Investors not only got the message
loud and clear, but appear to have over-reacted.
The irony is that the Fed’s
expressed intent in launching multiple rounds of QE since 2009 was to hold down
long-term interest rates and promote job growth. Instead, interest rates have
surged,
investors have experienced the biggest bond market sell-off since 2004
and banks are cutting thousands of jobs as demand for loans weakens.
Post-QE Repeat
What’s the likely effect on bond markets in a post-tapering world? It may surprise most investors because we have seen this movie before, and it has an unexpected ending.

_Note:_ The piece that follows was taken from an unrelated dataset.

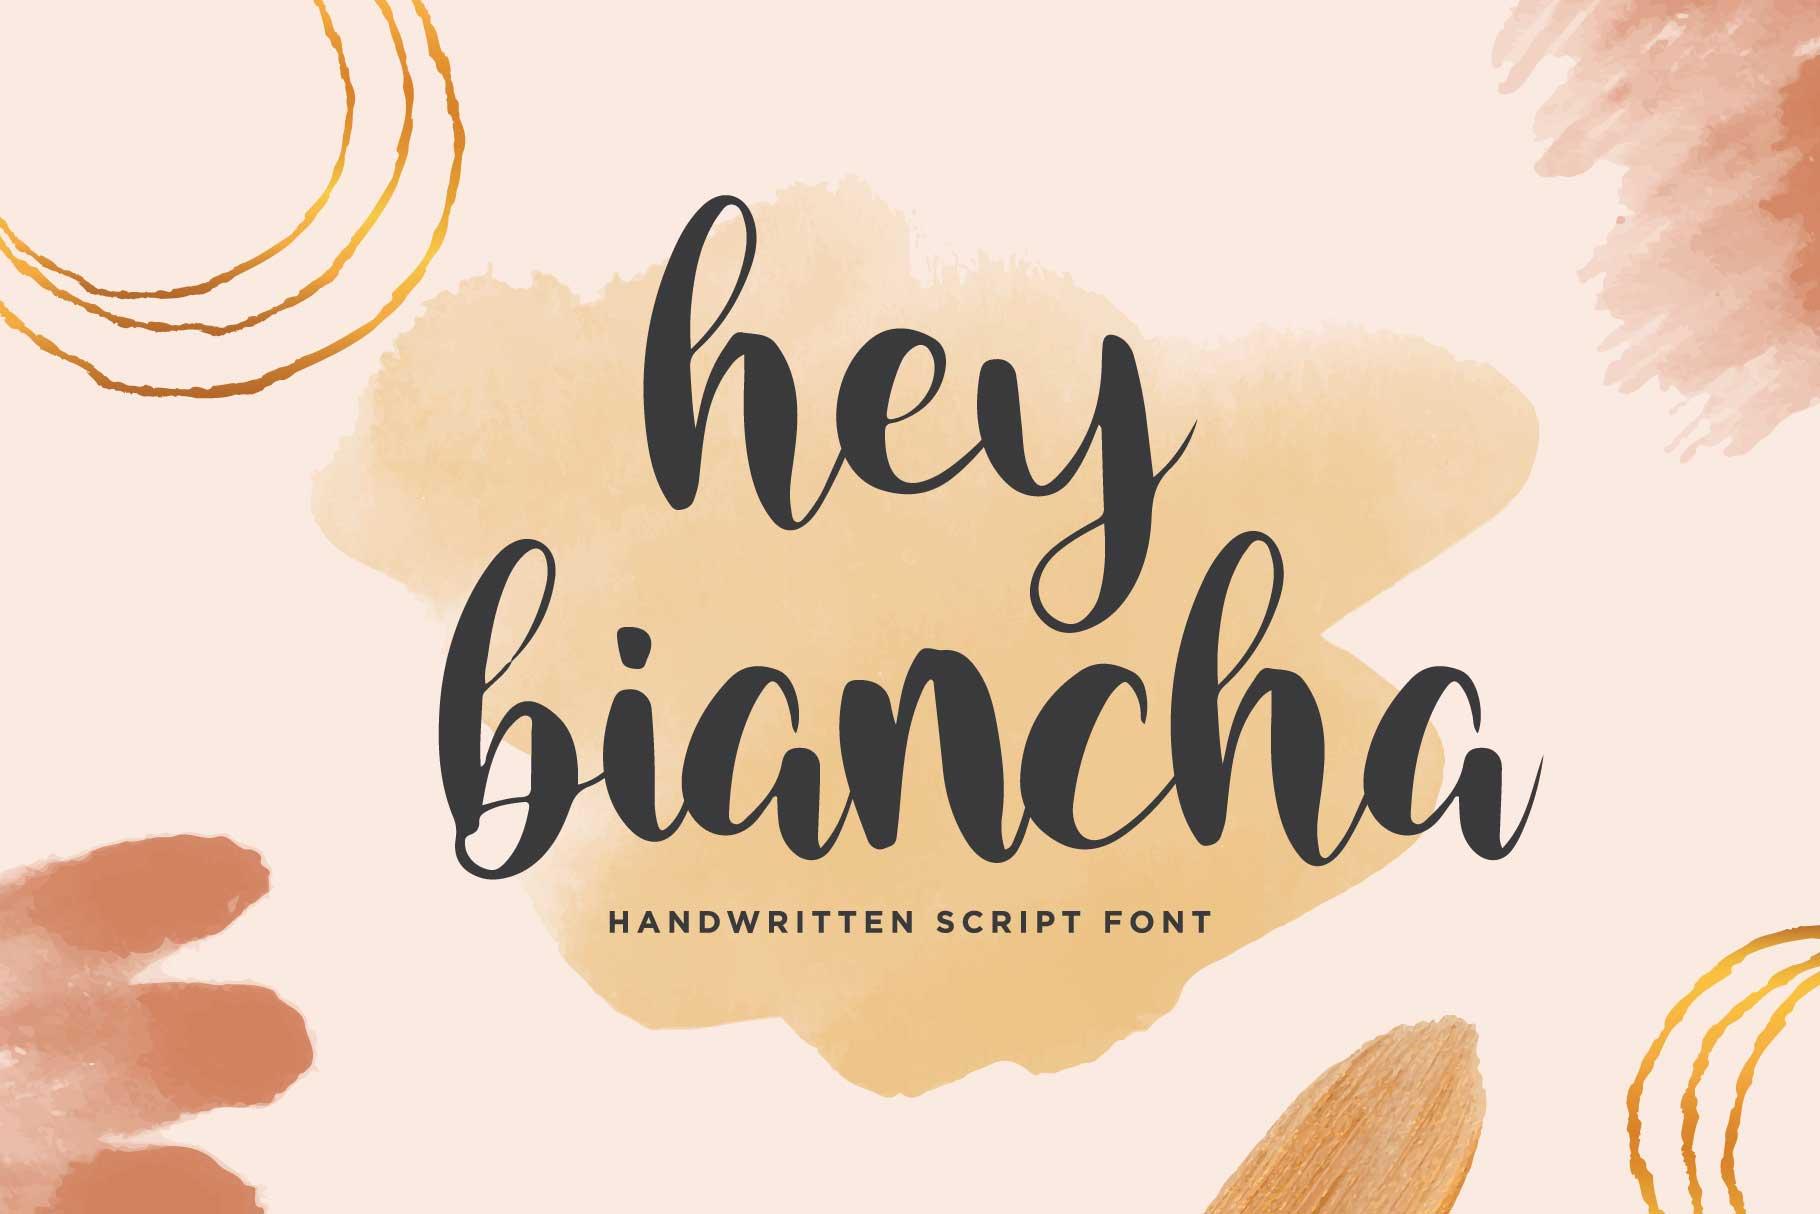 Hey Biancha
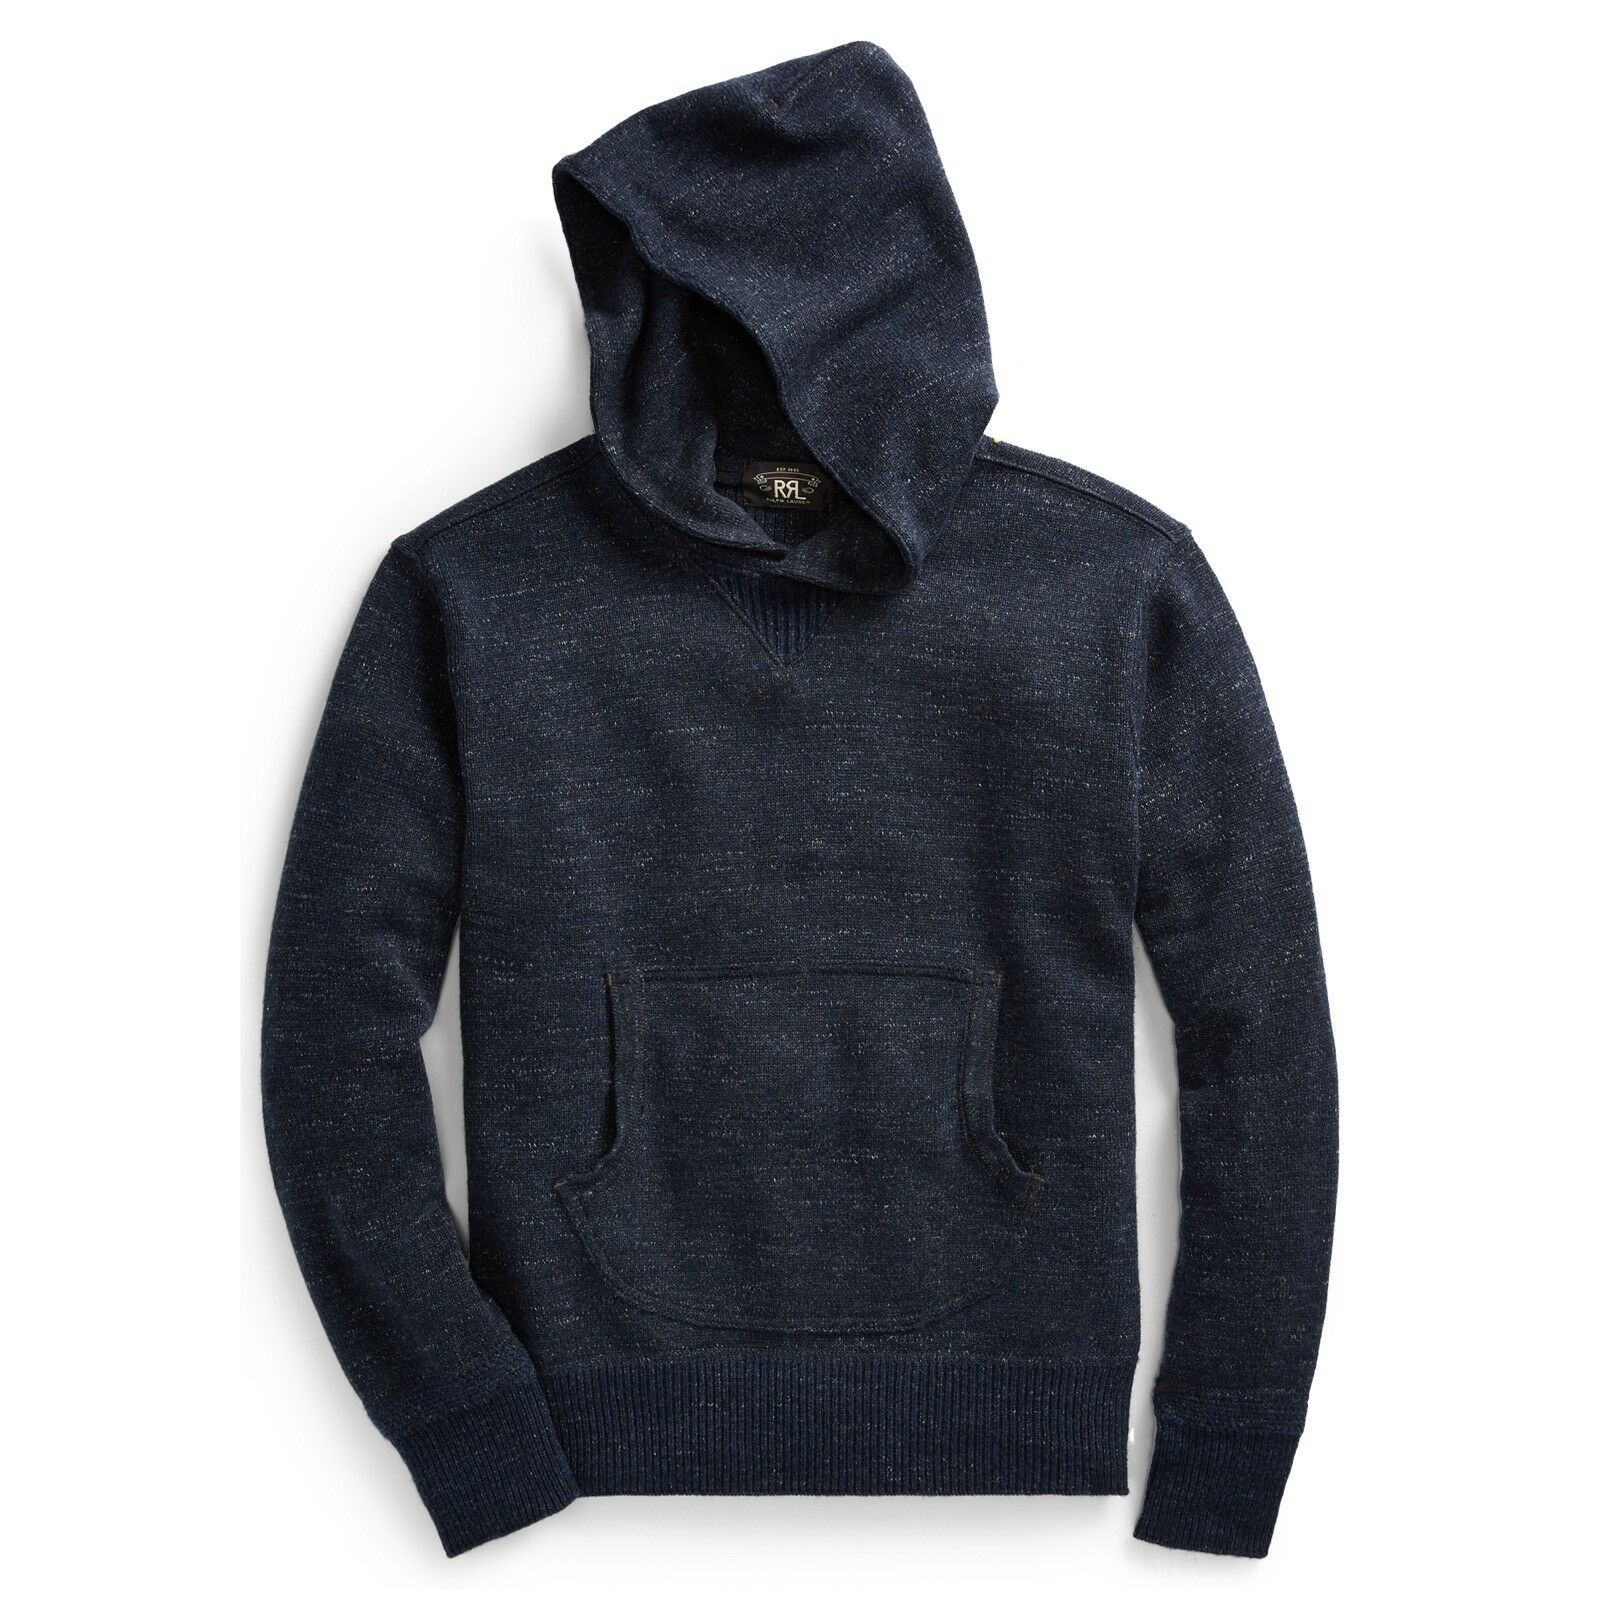 695 RRL Ralph Lauren 1930s InspiROT Made in USA Wool Cotton Sweater Hoodie- S

Each time the Fed has reduced or
removed quantitative easing over the past four years, bond markets have reacted
by rallying, with yields falling, as shown in the chart above. That may seem
counter-intuitive. After all, fewer purchases by the Fed should mean lower
prices and higher yields. But in reality, the exact opposite happened every
time.
QE1, the first round of quantitative
easing, ended in March 2010, and 10-year Treasury yields were just over 4
percent at the time. They declined to 2.5 percent before the Fed launched QE2
in November 2010.
When the second round of bond buying
ended in June 2011, 10-year yields were above 3 percent, and steadily declined
over the next three months to less than 2 percent when Operation Twist began in
September.
Treasury yields were again below 2
percent when QE3 was launched about this time last year. And now, as tapering
heralds the beginning of the end for QE3, yields are back up near 3 percent. Do
you see a pattern here?
The reason: After each round of QE
ended, investors reasoned (correctly, as it turns out) that the economy would
inevitably slow again in the absence of stimulus, resulting in lower bond
yields. And eventually another round of QE to help the economy avoid
stall-speed would be needed.
Rinse, lather, repeat! This picture
has played in a continuous loop since 2008.
Granted, it could be
different this time. The U.S. economy may finally be ready to stand on its own
two feet without the need for monetary stimulus and accelerate from here,
despite the headwinds that higher interest rates are already inflecting both at
home and abroad. Call me skeptical.
The Terrible Twos
Historically, when key economic data
points fall below a 2 percent growth rate, the economy is stalling and at risk
of recession within a year. They include:
* GDP, which is expanding only 1.6
percent annually …
* Real consumer spending, which is growing at an annual rate of 1.7 percent.
These are the terrible-two indicators for the U.S. economy. And the graph below shows our economy remains perilously close to stall-speed right now.
This leads us back full circle to
the hubbub over Fed tapering. Does tapering
really mean tighter monetary policy? I don’t think so, but to
understand why, recall that in past business cycles the Fed usually begins
tightening monetary policy because the economy is growing too fast.
The Fed overreacts to the threat of
accelerating inflation by hiking interest rates too quickly until growth gets
choked off, the economy contracts, and then interest rates fall again.
The current cycle is quite unique in
that the Fed has gone out of its way to be ultra-accommodative in holding the
Fed funds rate near zero since 2008 — even adding multiple rounds of QE for
good measure — and still our economy remains near stall-speed.
I expect the Fed to eventually follow its widely telegraphed tapering plan by reducing asset-purchases only gradually until QE3 completely winds down by next summer, just as Bernanke has stated.
But even when tapering finally begins, it’s not the same as tightening, and interest-rate increases are even farther away. If that’s the case, and economic data remain soft or take a turn for the worse, then 10-year Treasury yields near 3 percent look too high in the near term.
Another global-slowdown scare would hit the replay button on the same old picture show we’ve seen since 2008. Recession fears, perhaps from Europe (again), emerging markets or even weaker-than-expected U.S. growth, could easily send bond yields lower again as rumors surface of another round of QE from the Fed.
Ben will be a tough act to follow. I wonder what Janet Yellen has up her sleeve?